A 2012 study has shown that hypoxia (an inadequate supply of oxygen) that characterizes sleep apnea promotes angiogenesis which increase vascular and tumor growth. Which in turn results in a 4.8 times higher incidence of cancer mortality.

History

The clinical picture of this condition has long been recognized as a character trait, without an understanding of the disease process. The term “Pickwickian syndrome” that is sometimes used for the syndrome was coined by the famous early 20th century physician, William Osler, who must have been a reader of Charles Dickens.
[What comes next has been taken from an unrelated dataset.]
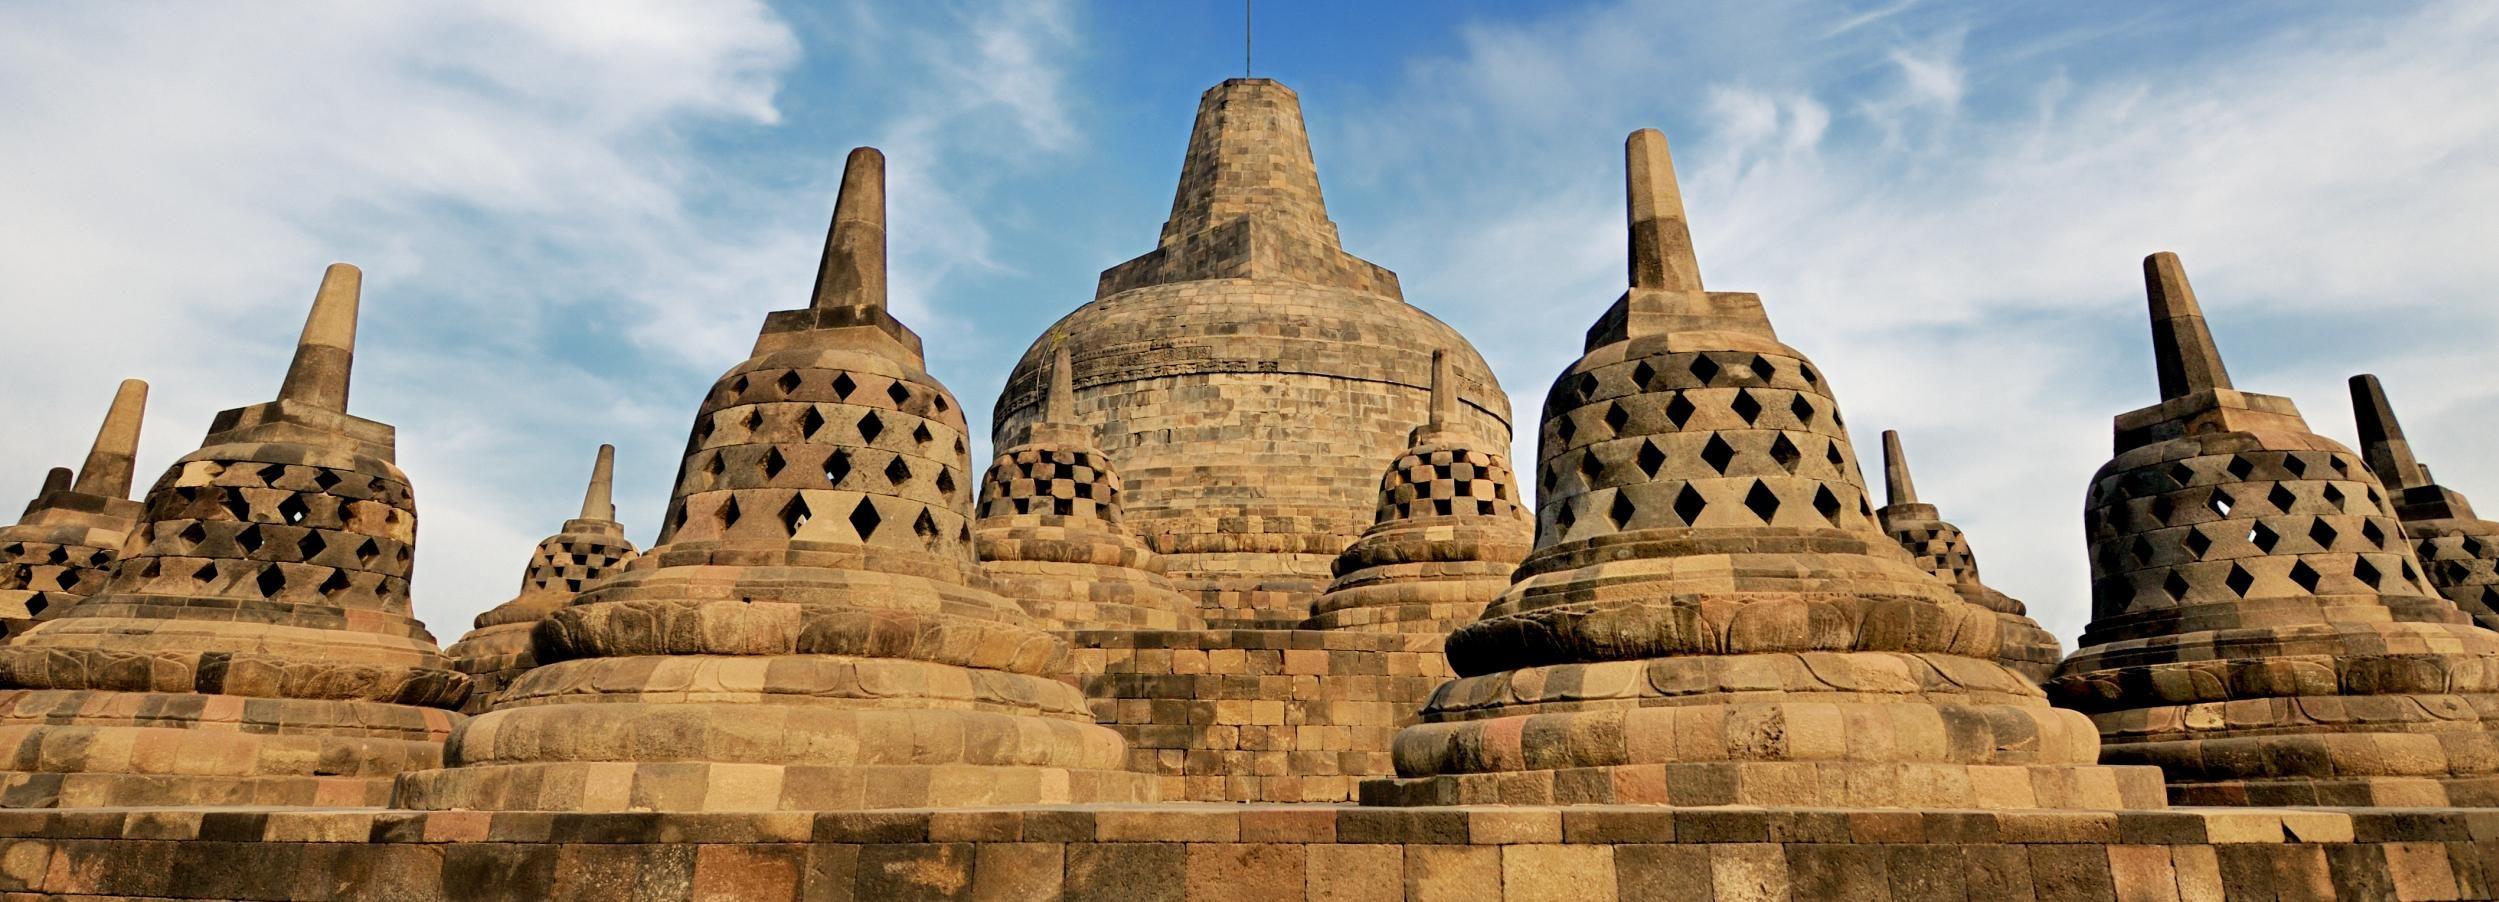 Borobudur Temple Half Day Private Tour

The description of Joe, “the fat boy” in Dickens’s novel The Pickwick Papers, is an accurate clinical picture of an adult with obstructive sleep apnea syndrome.

The early reports of obstructive sleep apnea in the medical literature described individuals who were very severely affected, often presenting with severe hypoxemia, hypercapnia and congestive heart failure.

The management of obstructive sleep apnea was revolutionized with the introduction of continuous positive airway pressure (CPAP), first described in 1981 by Colin Sullivan and associates in Sydney, Australia. The first models were bulky and noisy, but the design was rapidly improved and by the late 1980s CPAP was widely adopted. The availability of an effective treatment stimulated an aggressive search for affected individuals and led to the establishment of hundreds of specialized clinics dedicated to the diagnosis and treatment of sleep disorders. Though many types of sleep problems are recognized, the vast majority of patients attending these centers have sleep-disordered breathing.